Keywords: bone scan index (BSI), imaging biomarker, bone scan, metastatic prostate cancer, analytical validation
Prostate cancer is a bone-tropic cancer, and nearly 85% of patients with fatal prostate cancer are reported to have bone metastases (1). In clinical practice, a bone scan is the most prevalent and cost-effective diagnostic imaging tool to detect the onset of skeletal metastasis in advanced prostate cancer patients (2). However, the clinical utility of on-treatment changes in the bone scans of advanced metastatic prostate patients remains limited, largely because of the lack of a consistent methodology for quantifying changes in bone scans.
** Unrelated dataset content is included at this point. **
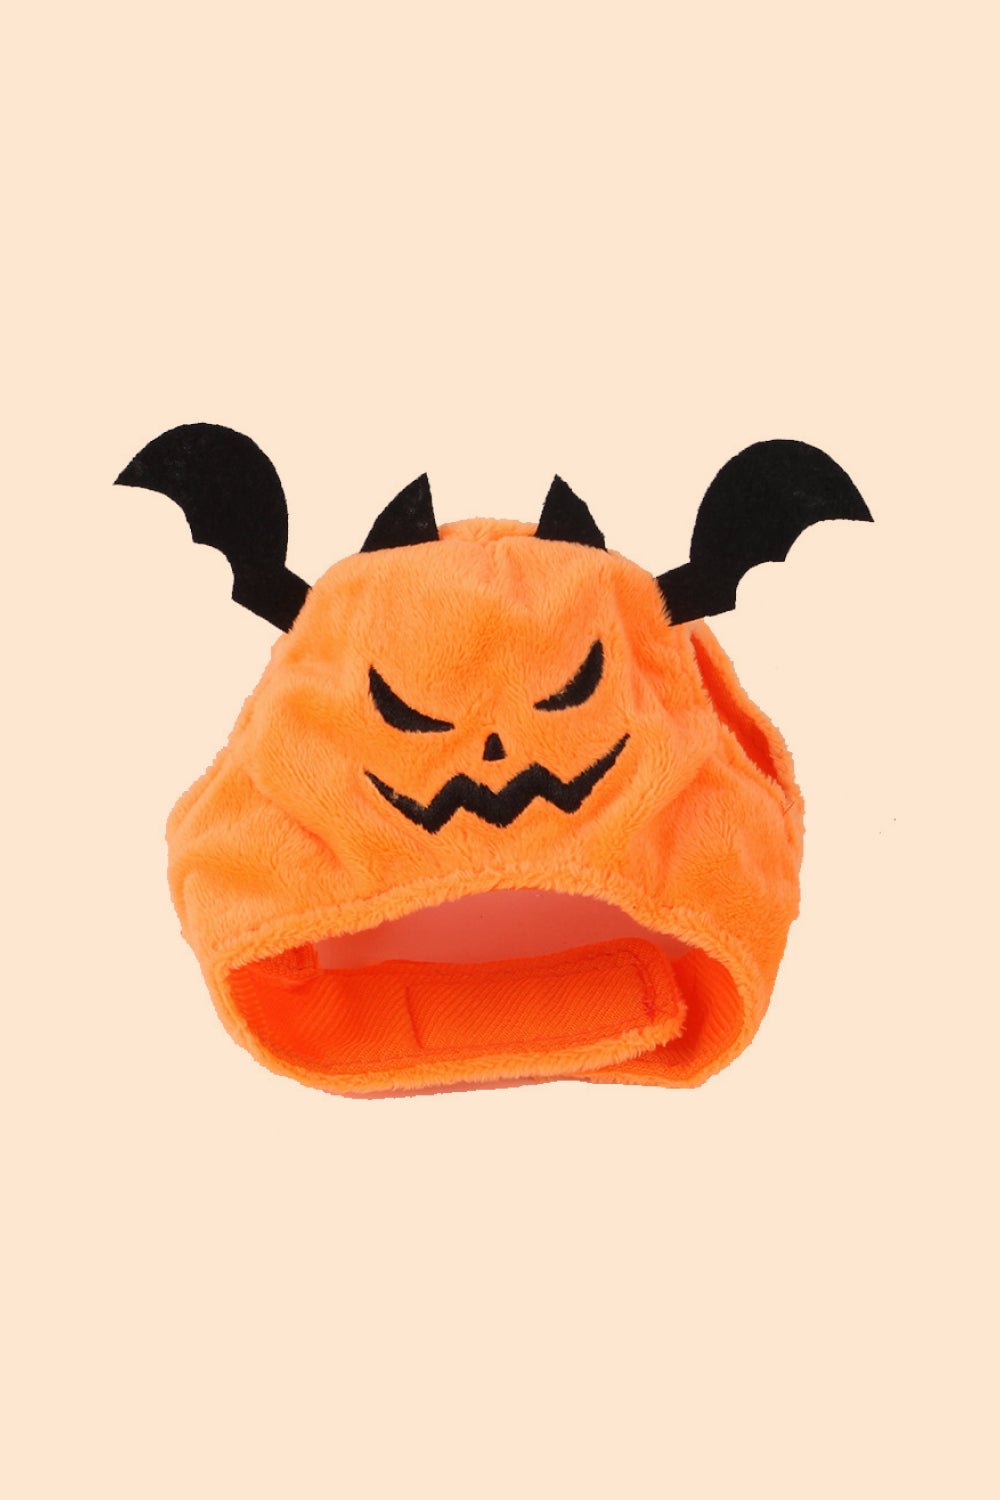 Halloween Pet 2-Pack Jack-O-Lantern with Bat Wings Costume Hat Set

The bone scan index (BSI), developed at the Memorial Sloan Kettering Cancer Center, is a fully quantitative analysis of skeletal metastasis in bone scans (3). The BSI represents the tumor burden in a bone scan as a percentage of the total skeletal mass and has shown clinical significance as a prognostic imaging biomarker (4,5). The labor-intensive process of manually calculating the BSI has prevented its widespread adoption in clinical practice.
The image-analysis program developed by EXINI Diagnostics for bone scan imaging automates the BSI calculation (6–8). The scan normalization and the iterative artificial neural network detect hotspots that are suspected metastatic lesions and generate BSI in a significantly shortened time span (<10 s). The automated BSI was shown to correlate with the manual BSI of newly diagnosed prostate cancer patients, and it was independently associated with overall survival (9).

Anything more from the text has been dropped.